摘要：推理时间对准方法在使大语言模型（LLM）与人类偏好的效率和有效性方面引起了人们的关注。但是，使用奖励指导搜索（RGS）的现有主要方法主要依赖于结果奖励模型（ORM），这些模型（ORMS）遭受了关键的粒度不匹配：ORM旨在为完整响应提供结果奖励，而RGS方法依靠过程奖励来指导该策略，导致不一致的刺痛和次要屈服。为了应对这一挑战，我们将流程奖励模型（PRM）介绍到RGS中，并认为理想的PRM应满足两个目标：得分一致性，确保跨部分和完整响应的一致评估，以及偏好一致性，将部分序列评估与人类的偏好保持一致。基于这些，我们提出了SP-PRM，这是一个新型的双偶然性框架，将基于得分一致性和基于偏好一致性的部分评估模块整合而不依赖于人类注释。关于对话，摘要和推理任务的广泛实验表明，SP-PRM显着增强了现有的RGS方法，在所有任务中的GPT-4评估得分方面提高了3.6％-10.3％。

Title: Language Surgery in Multilingual Large Language Models

Authors: Joanito Agili Lopo, Muhammad Ravi Shulthan Habibi, Tack Hwa Wong, Muhammad Ilham Ghozali, Fajri Koto, Genta Indra Winata, Peerat Limkonchotiwat, Alham Fikri Aji, Samuel Cahyawijaya
Subjects: cs.CL
Abstract URL: https://arxiv.org/abs/2506.12450
Pdf URL: https://arxiv.org/pdf/2506.12450
Copy Paste: [[2506.12450]] Language Surgery in Multilingual Large Language Models(https://arxiv.org/abs/2506.12450)
Keywords: language model, llm
Abstract: Large Language Models (LLMs) have demonstrated remarkable generalization capabilities across tasks and languages, revolutionizing natural language processing. This paper investigates the naturally emerging representation alignment in LLMs, particularly in the middle layers, and its implications for disentangling language-specific and language-agnostic information. We empirically confirm the existence of this alignment, analyze its behavior in comparison to explicitly designed alignment models, and demonstrate its potential for language-specific manipulation without semantic degradation.
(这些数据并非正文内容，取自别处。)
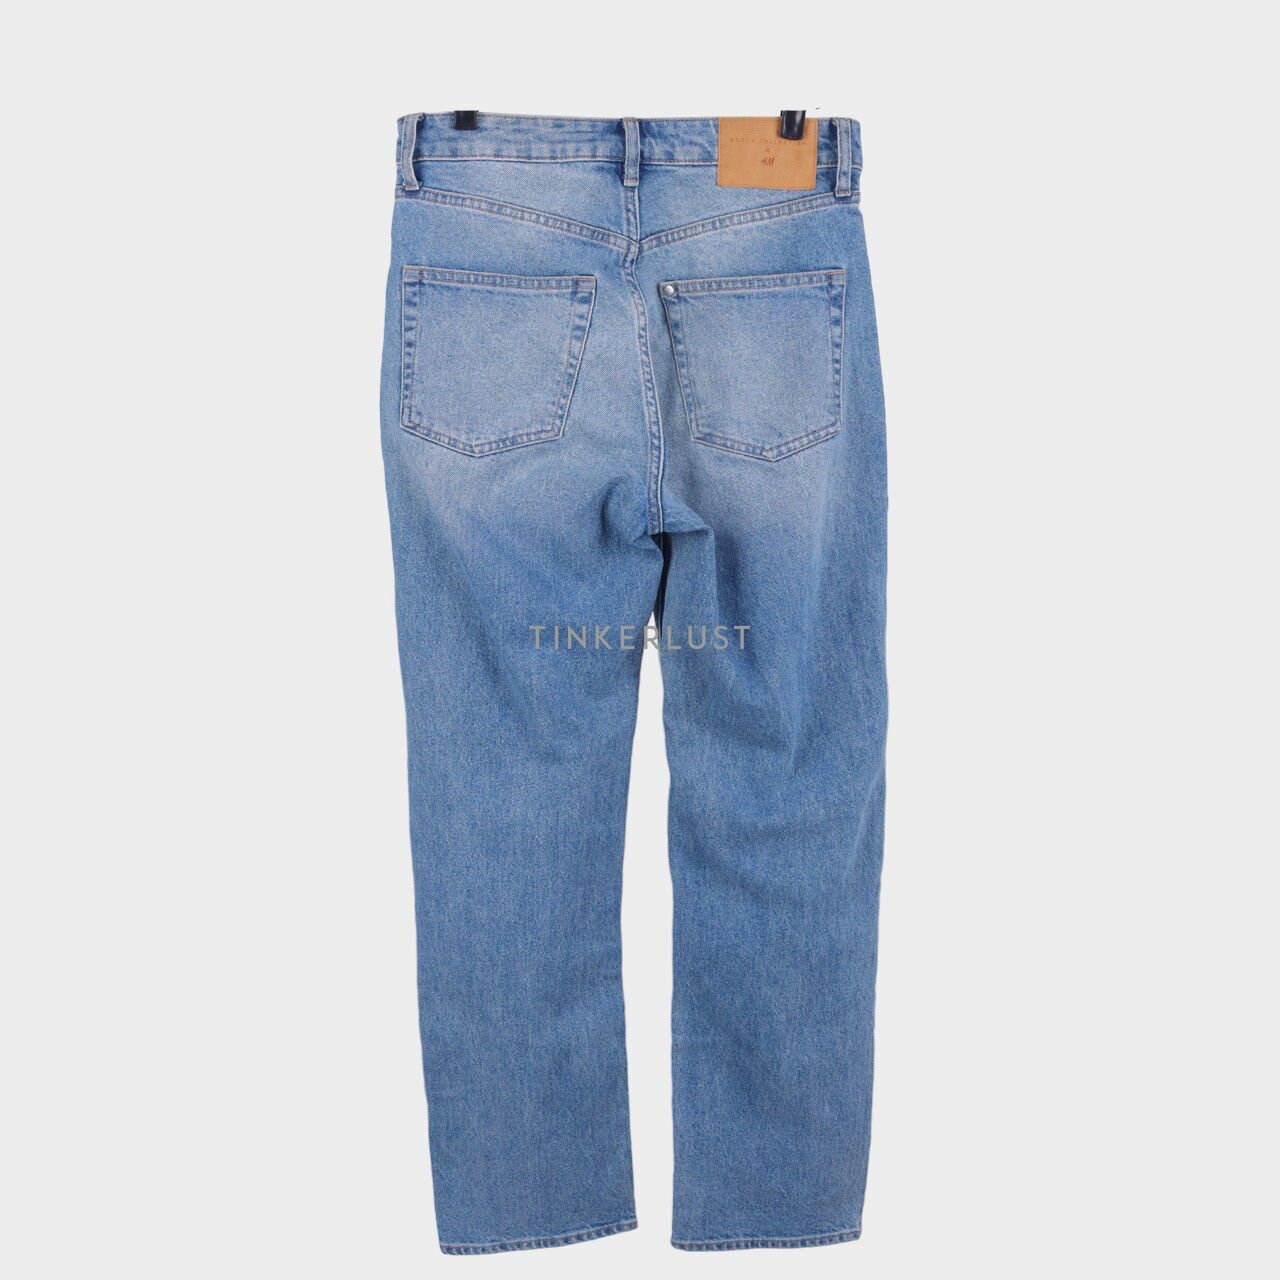 H&M Blue Denim Long Pants

Building on these findings, we propose Inference-Time Language Control (ITLC), a novel method that leverages latent injection to enable precise cross-lingual language control and mitigate language confusion in LLMs. Our experiments highlight ITLC's strong cross-lingual control capabilities while preserving semantic integrity in target languages. Furthermore, we demonstrate its effectiveness in alleviating the cross-lingual language confusion problem, which persists even in current large-scale LLMs, leading to inconsistent language generation. This work advances our understanding of representation alignment in LLMs and introduces a practical solution for enhancing their cross-lingual performance.
摘要：大型语言模型（LLM）表现出了跨任务和语言的显着概括能力，从而彻底改变了自然语言处理。本文调查了LLMS，尤其是中层层中自然新兴的表示对准，及其对解散语言特定语言和语言信息的影响。我们从经验上证实了这种对齐的存在，与明确设计的对齐模型相比，分析了其行为，并证明了其在没有语义降低的情况下进行特定语言操作的潜力。在这些发现的基础上，我们提出了推理时间控制（ITLC），这是一种利用潜在注入的新方法，以实现精确的跨语性语言控制，并减轻LLMS中的语言混乱。我们的实验强调了ITLC强大的跨语性控制功能，同时保留了目标语言的语义完整性。此外，我们证明了它在减轻跨语性语言混乱问题方面的有效性，即使在当前的大规模LLM中，这也会持续下来，从而导致语言产生不一致。这项工作促进了我们对LLM中表示形式的理解，并引入了一种实用解决方案，以增强其跨语性性能。

Title: TagRouter: Learning Route to LLMs through Tags for Open-Domain Text Generation Tasks

Authors: Zhou Chen, Zhiqiang Wei, Yuqi Bai, Xue Xiong, Jianmin Wu
Subjects: cs.CL
Abstract URL: https://arxiv.org/abs/2506.12473
Pdf URL: https://arxiv.org/pdf/2506.12473
Copy Paste: [[2506.12473]] TagRouter: Learning Route to LLMs through Tags for Open-Domain Text Generation Tasks(https://arxiv.org/abs/2506.12473)
Keywords: language model, llm
Abstract: Model routing allocates queries to the suitable model, improving system performance while reducing costs. However, existing routing methods face practical limitations that hinder scalability in large-scale applications and struggle to keep up with the rapid growth of the large language model (LLM) ecosystem. To tackle these challenges, we propose TagRouter, a training-free model routing method designed to optimize the synergy among multiple LLMs for open-domain text generation tasks. Experimental results demonstrate that TagRouter outperforms 13 baseline methods, increasing the accept rate of system by 6.15% and reducing costs by 17.20%, achieving optimal cost-efficiency. Our findings provides the LLM community with an efficient and scalable solution for model ensembling, offering users an evolvable "super model."
摘要：模型路由将查询分配给合适的模型，从而提高系统性能，同时降低成本。但是，现有的路由方法面临的实际限制，阻碍了大规模应用中的可伸缩性，并难以跟上大语言模型（LLM）生态系统的快速增长。为了应对这些挑战，我们提出了Tagrouter，这是一种无训练的模型路由方法，旨在优化多个LLMS之间的协同作用，以实现开放域文本生成任务。实验结果表明，Tagrouter的表现优于13种基线方法，将系统的接受率提高6.15％，并使成本降低17.20％，从而实现了最佳的成本效益。我们的发现为LLM社区提供了一个有效且可扩展的解决方案，可用于模型结合，从而为用户提供了可发展的“超级模型”。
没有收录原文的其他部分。